The startup script sets the java.ext.dirs to its own set of directories (specific to the application) but omitting the "normal" extension directory ($JAVA_HOME/jre/lib/ext/) which is where sunjce_provider.jar resides. This explains your first point (copying the Jar file to the lib directory makes it visible again). This is easily reproduced.

As for the second point, I think this is due the policy file that the startup script sets with the -Djava.security.policy option. Whether some providers are available or not depends on policy files. The default policy file makes the SunJCE provider available, but since the startup scripts mandates a non-default, custom policy file, then anything goes. I suggest you take a look at that policy file.

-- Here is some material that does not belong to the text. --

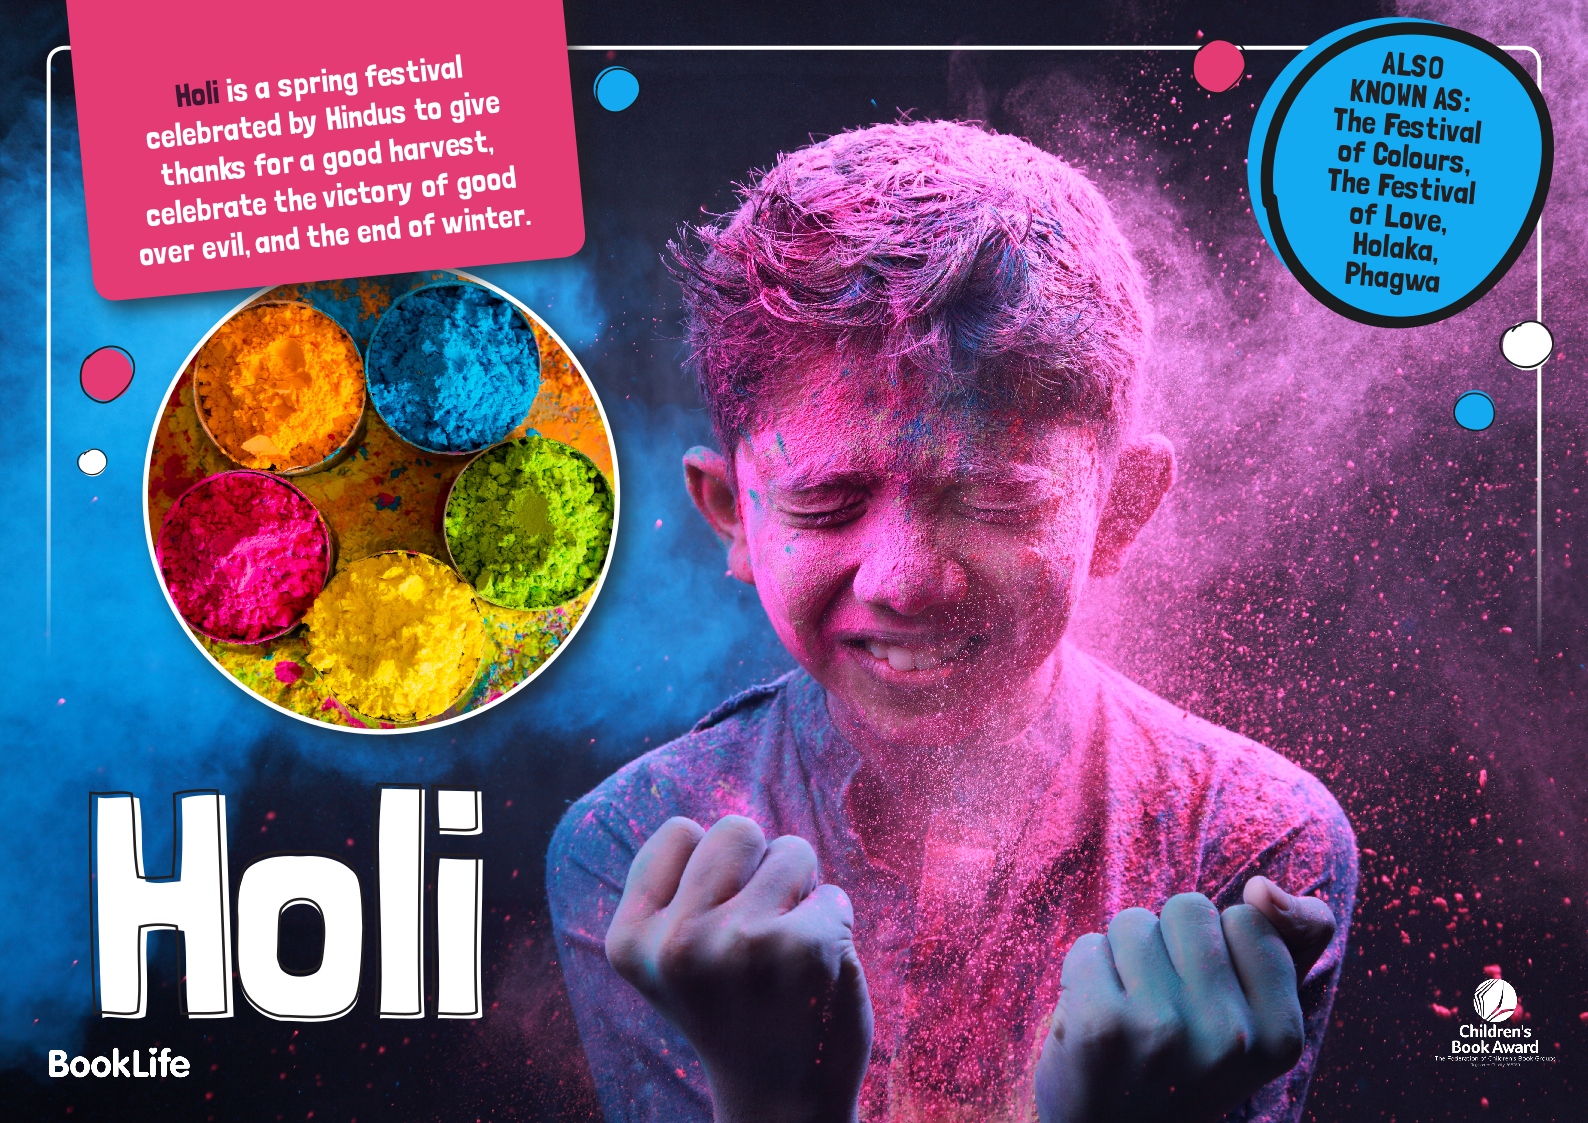 Holi Poster by BookLife

For instance, on my system (Ubuntu Linux, with Sun JVM 1.6.0_20 as packaged by Ubuntu), the default policy file is in /etc/java-6-sun/security/java.security and contains (among others) the following lines:

security.provider.1=sun.security.provider.Sun
security.provider.2=sun.security.rsa.SunRsaSign
security.provider.3=com.sun.net.ssl.internal.ssl.Provider
security.provider.4=com.sun.crypto.provider.SunJCE
security.provider.5=sun.security.jgss.SunProvider
security.provider.6=com.sun.security.sasl.Provider
security.provider.7=org.jcp.xml.dsig.internal.dom.XMLDSigRI
security.provider.8=sun.security.smartcardio.SunPCSC

which define what providers should be available by default. From your symptoms, I think that the custom policy file made SunJCE unavailable unless explicitly registered (which is understandable since the startup script also removed the access to the Jar file containing SunJCE...).